I'm proud of my "company" .. what's wrong with open source is that companies like MuleSource are messing up the spirit of open source in trying to just make a fast buck around a successful open source project and missing much of the essence of open source. WSO2 is out to prove that one doesn't have to come at the cost of the other.

Sit back, relax and enjoy the ride.

Sanjiva Weerawarana said...

Dan- where's the FUD? If its really just CE + extra stuff, then why the license terms to uninstall the stuff when you no longer pay? Why the condition saying "thou shalt not publish performance benchmarks"?

Put yourself in a customer's shoes. If MuleSource decides to jack up prices 10x, they cannot go to another vendor to buy that support and chug along merrily. They'd have to either pay up or move to another ESB. That's the definition of vendor lock-in! That's not what open source is about!!

We at WSO2 know our code is not perfect.
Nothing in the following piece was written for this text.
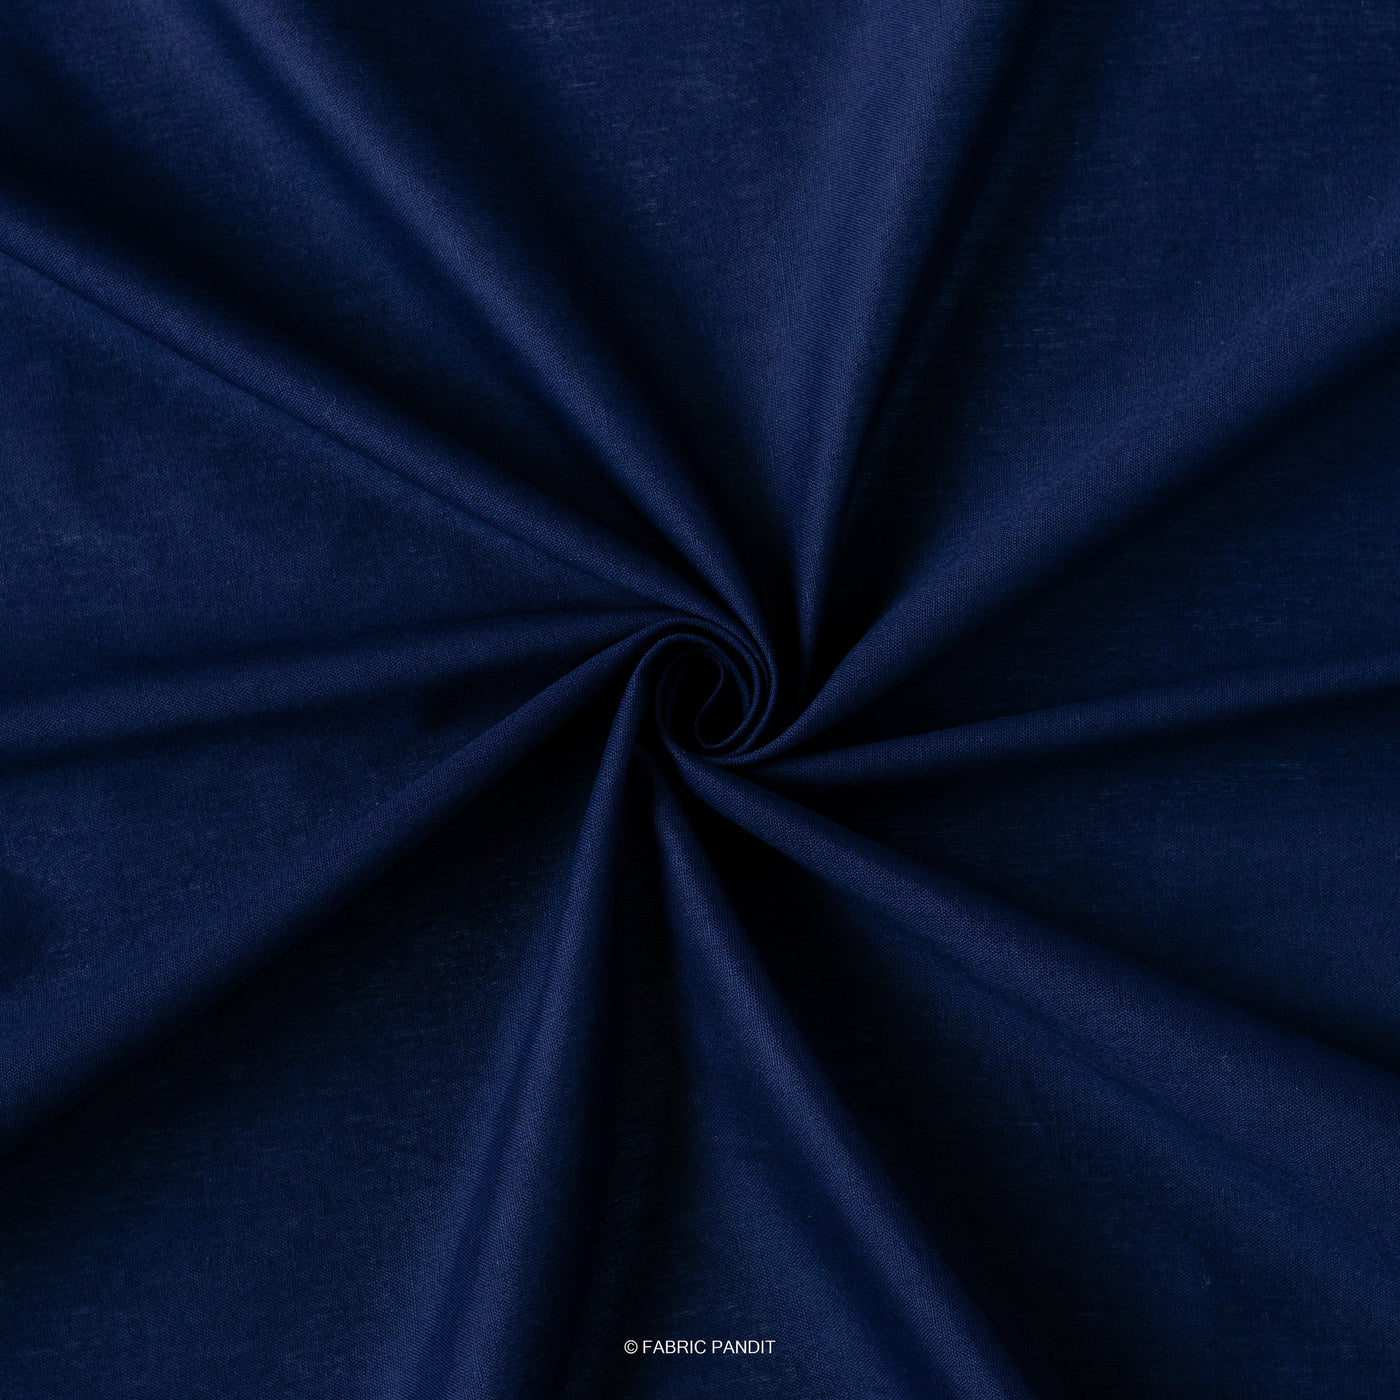 Fabric Pandit Cut Piece (CUT PIECE) Royal Blue Color Pure Cotton Linen Fabric (Width 42 Inches)

We know there are cases when other products are faster than ours. A customer who cares about scalability and performance will run their own tests. Hiding behind a legal document to prevent someone from publishing those numbers will not save you.

Anyway, thanks for pushing the performance evaluation through. Yes, I agree Mule CE is indeed truly open source .. and I never said or implied otherwise!

Anonymous said...

Sanjiva, I find these sorts of posts demeaning and generally refuse to get involved in FUD spreading. This instance is no different except to say that you clearly don't understand our commercial model and attacking it doesn't put you in a good light. As for the benchmarks, Paul and I have discussed them and we'll work with you to publish the next ones. Benchmarks done by a competitor are pretty meaningless.